## What is expected
Skip the pictures and repeat each line of the data exactly.

## Data provided
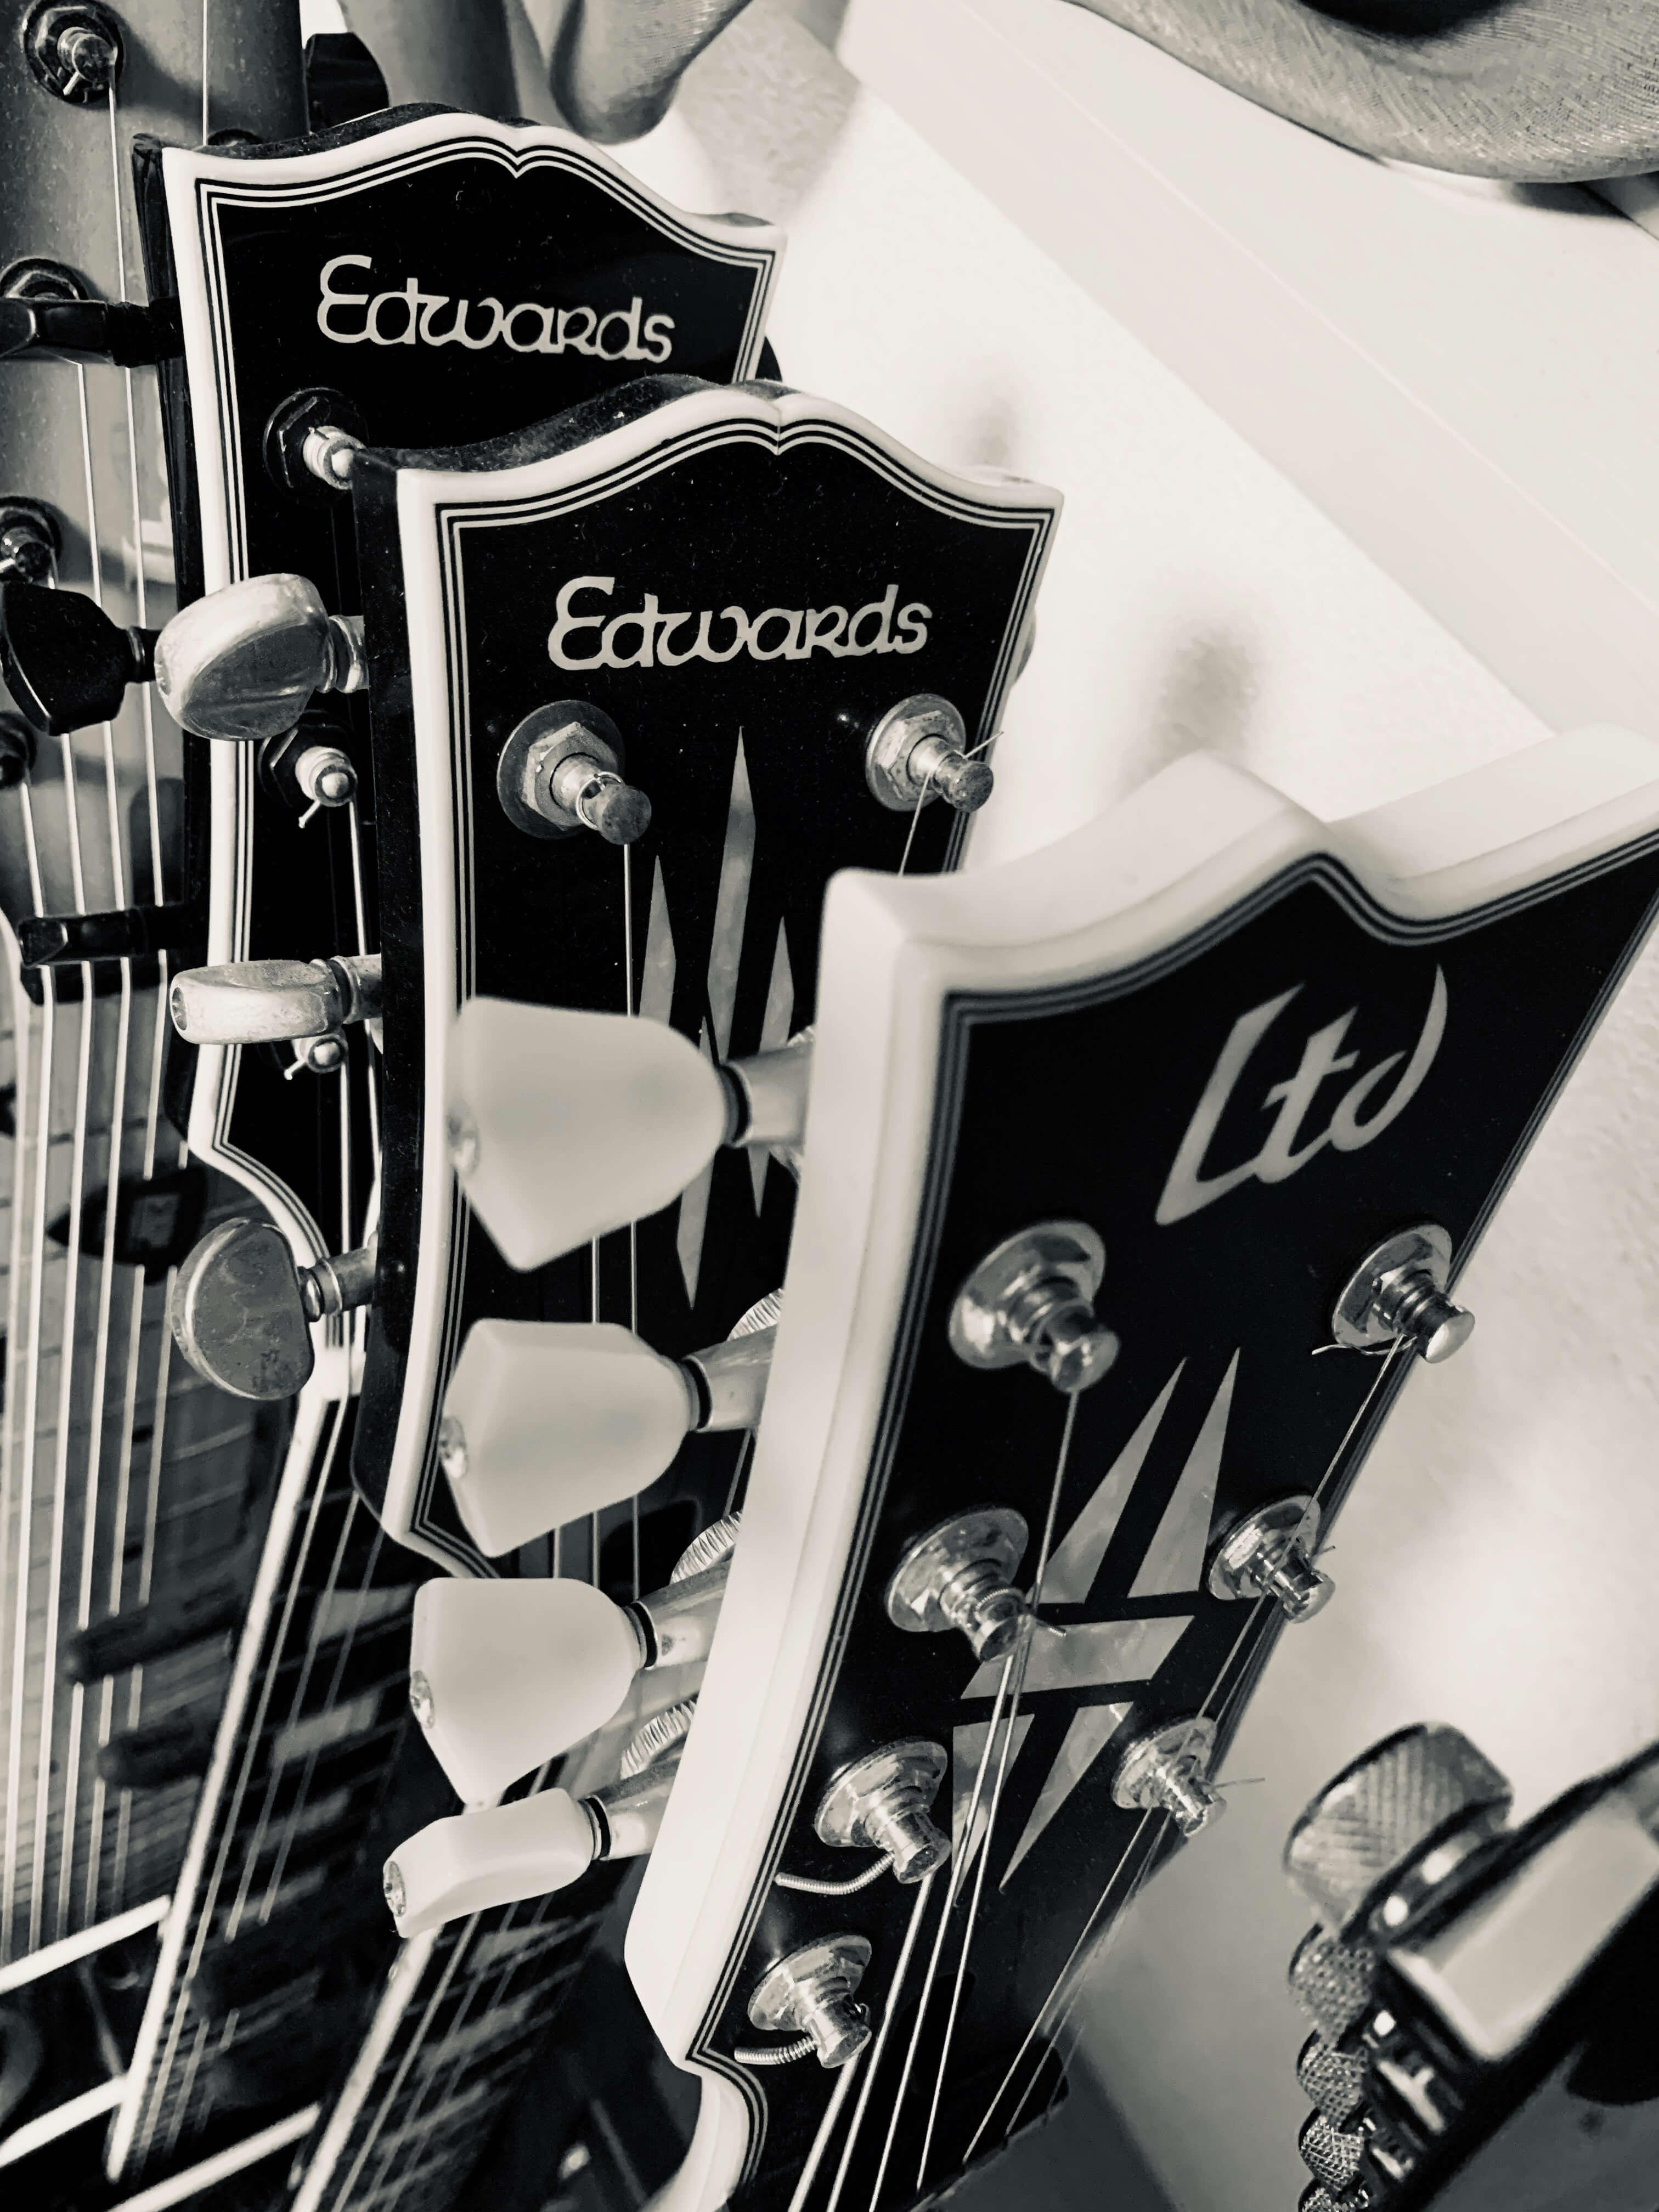 My ESP gears.
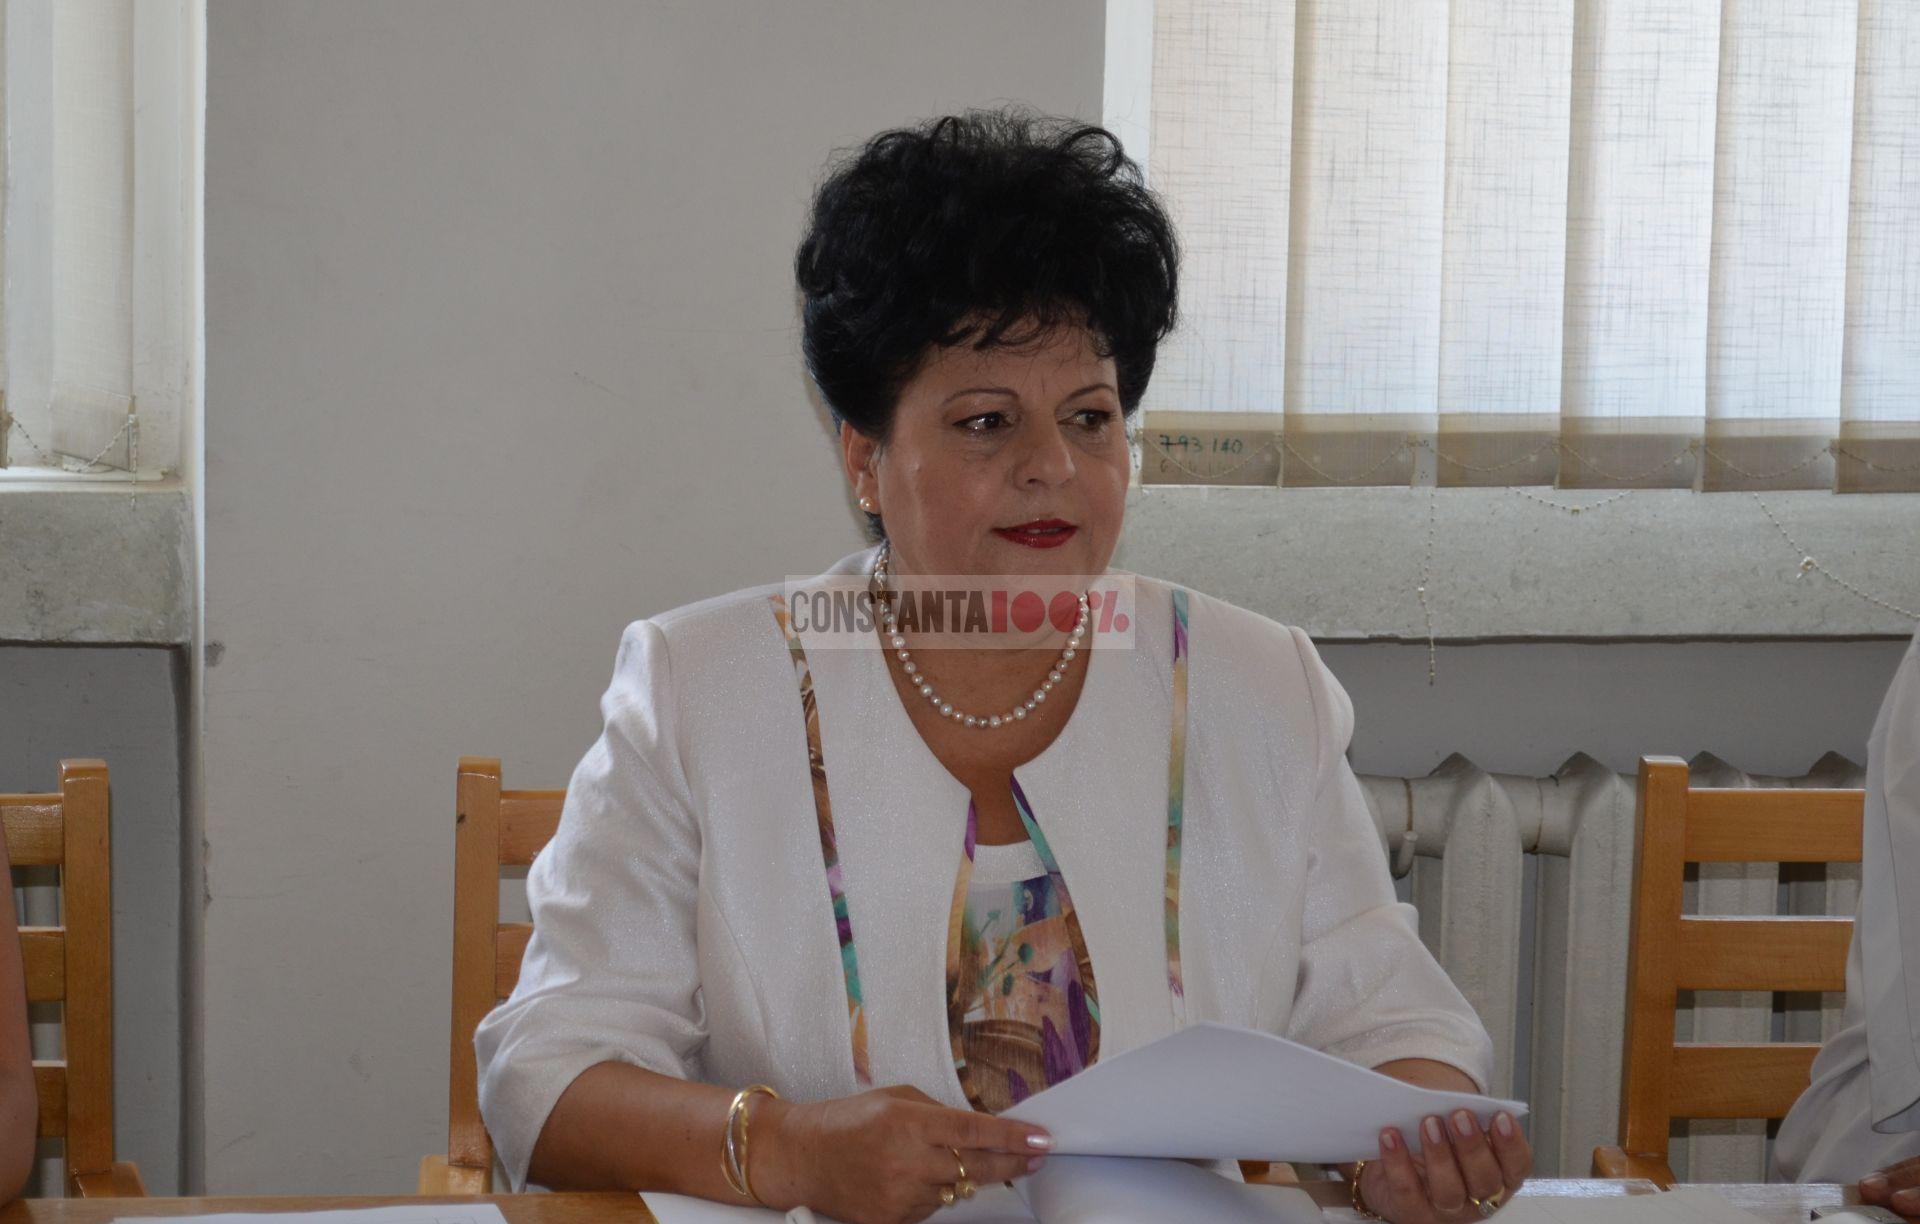 Mariana gaju, cumpana
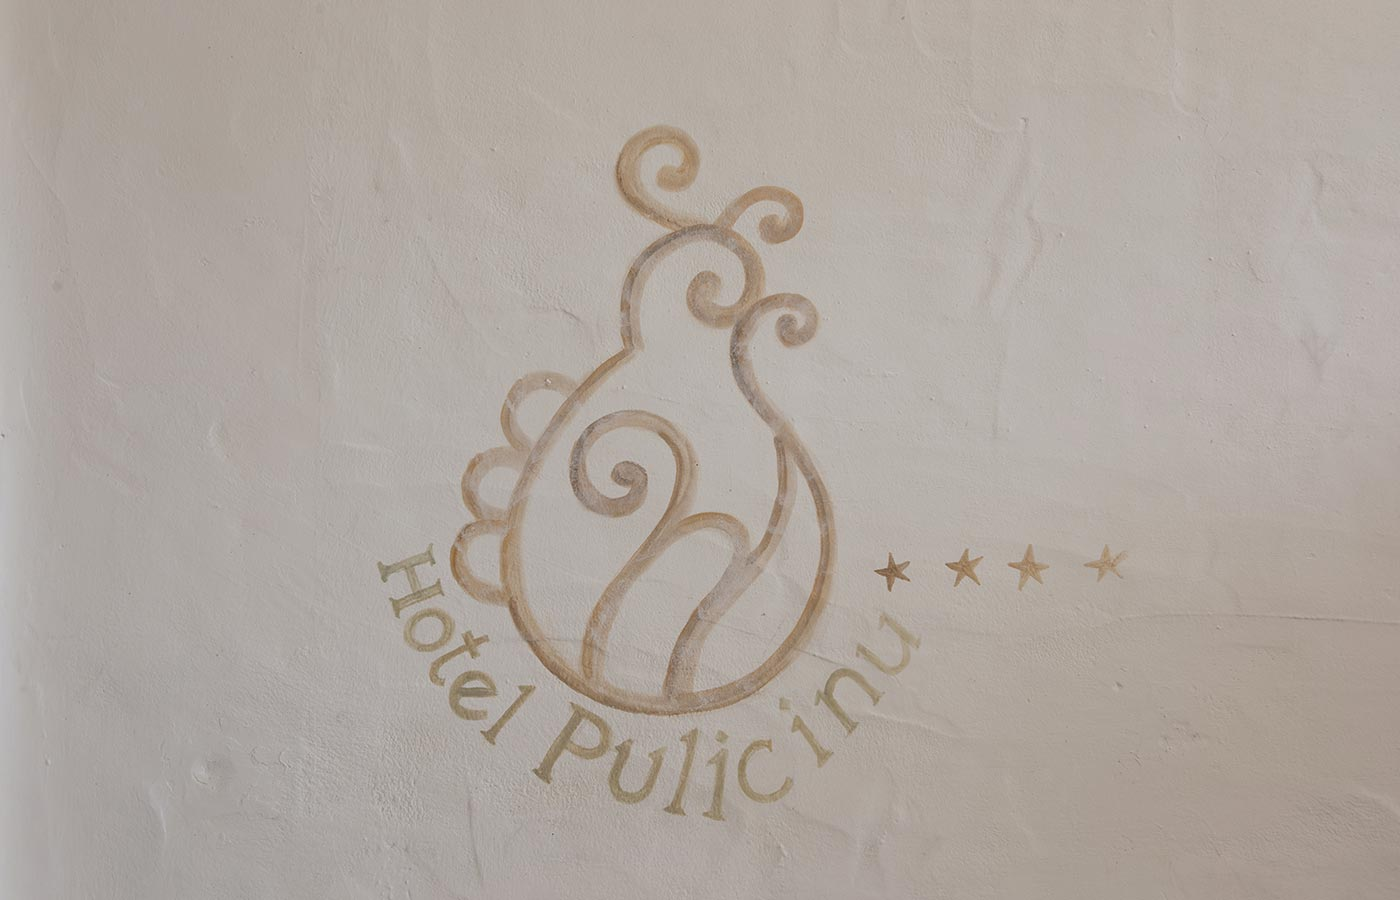 The logo of the Hotel Pulicinu in Baja Sardinia

## Expected answer
 My ESP gears.
 Mariana gaju, cumpana
 The logo of the Hotel Pulicinu in Baja Sardinia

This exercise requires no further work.